# Query Language: Thicket Tutorial

Thicket is a python-based toolkit for Exploratory Data Analysis (EDA) of parallel performance data that enables performance optimization and understanding of applications’ performance on supercomputers. It bridges the performance tool gap between being able to consider only a single instance of a simulation run (e.g., single platform, single measurement tool, or single scale) and finding actionable insights in multi-dimensional, multi-scale, multi-architecture, and multi-tool performance datasets.

## 1. Import Necessary Packages

To explore the structure and various capabilities of thicket components, we begin by importing necessary packages. These include python extensions and thicket's statistical functions.

In [1]:
import re

import numpy as np
import pandas as pd
import matplotlib.pyplot as plt
from IPython.display import display
from IPython.display import HTML
import hatchet as ht

import thicket as tt

display(HTML("<style>.container { width:80% !important; }</style>"))

<IPython.core.display.Javascript object>

In [2]:
# Disable the Pandas 3 and Numpy Warnings for now
import warnings
warnings.filterwarnings("ignore", category=DeprecationWarning)
warnings.filterwarnings("ignore", category=FutureWarning) 
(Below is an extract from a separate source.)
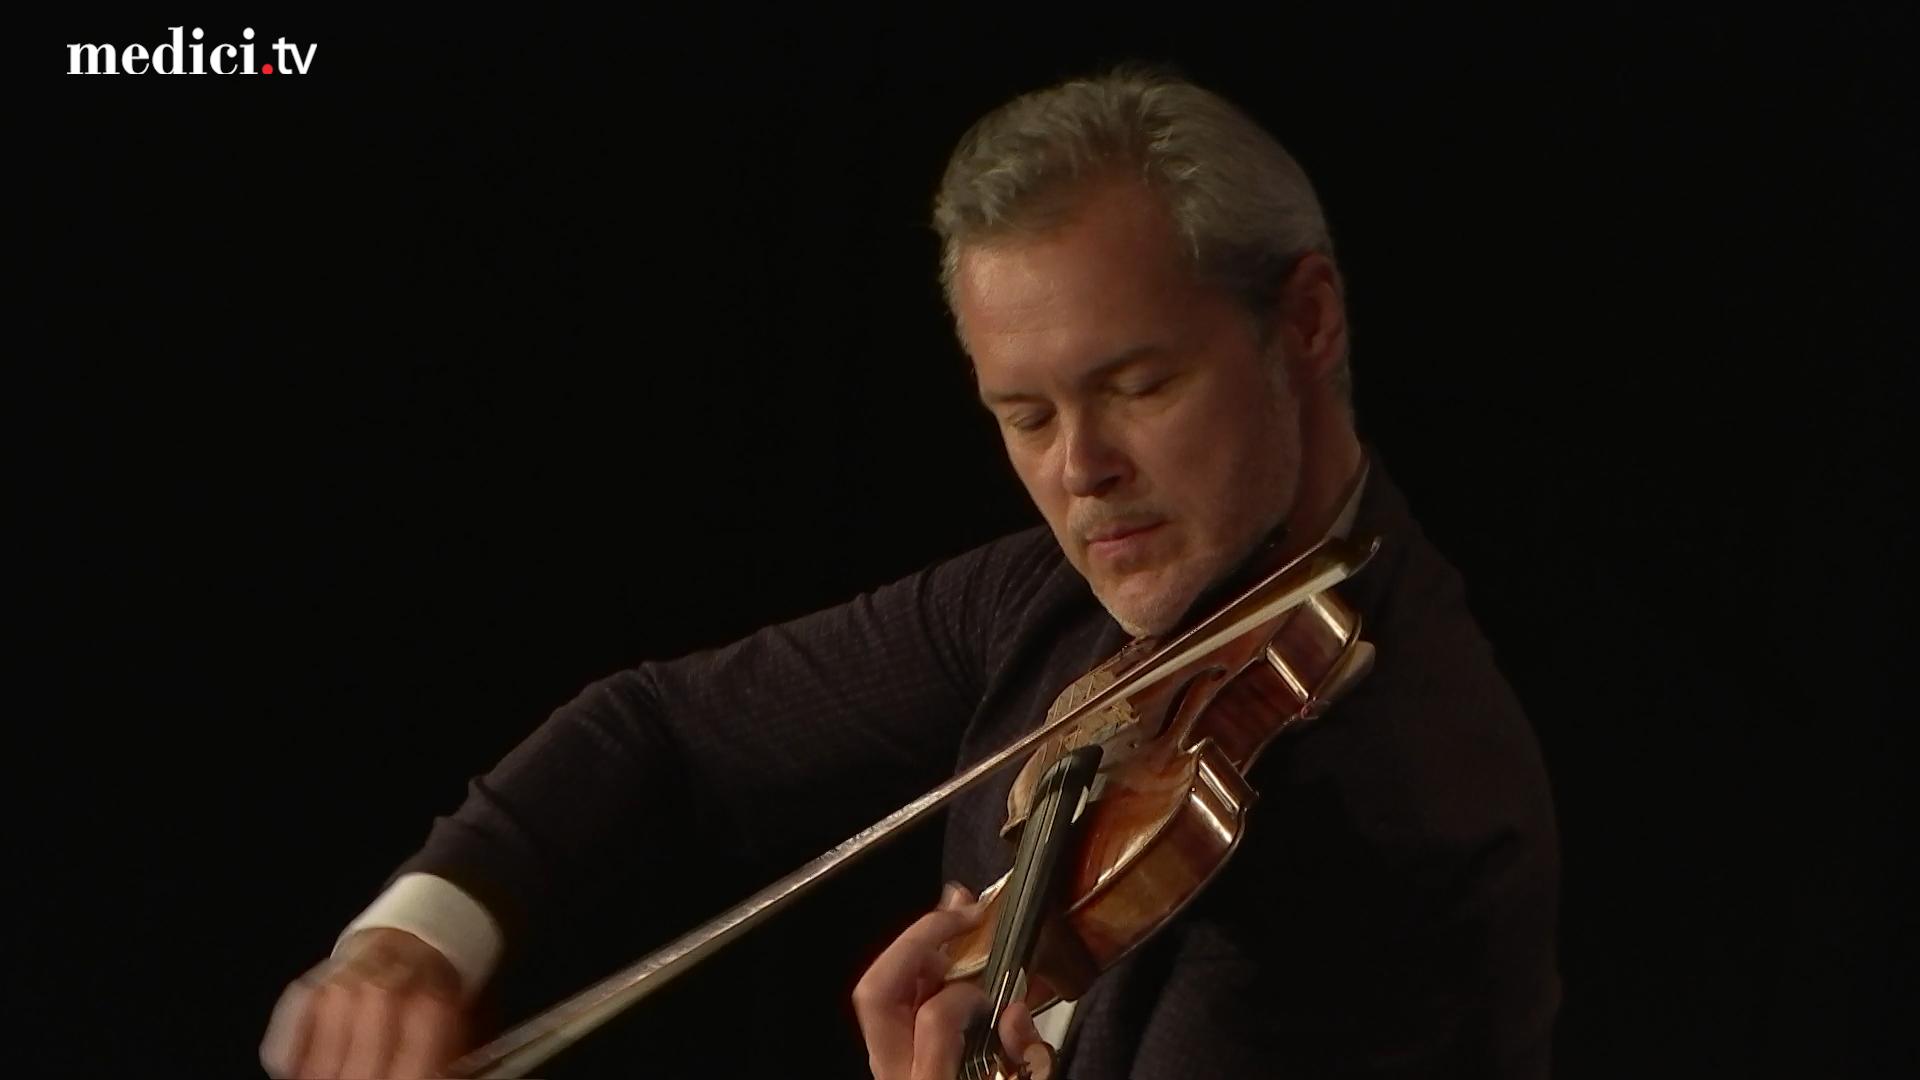 Vadim Repin et Andrei Korobeinikov interprètent Grieg et Prokofiev

## 2. Read in Performance Profiles

For this notebook, we select profiles generated on Lawrence Livermore National Lab (LLNL) machine, lassen. We create a thicket object generated with the same block size of 128. 

In [3]:
problem_sizes = [
    "1048576", 
    "2097152", 
    "4194304", 
    "8388608"
]
lassen1 = [f"../data/lassen/clang10.0.1_nvcc10.2.89_{x}/1/Base_CUDA-block_128.cali" for x in problem_sizes]
lassen2 = [f"../data/lassen/clang10.0.1_nvcc10.2.89_1048576/1/Base_CUDA-block_256.cali"]

# generate thicket(s)
th_lassen = tt.Thicket.from_caliperreader(lassen1, disable_tqdm=True)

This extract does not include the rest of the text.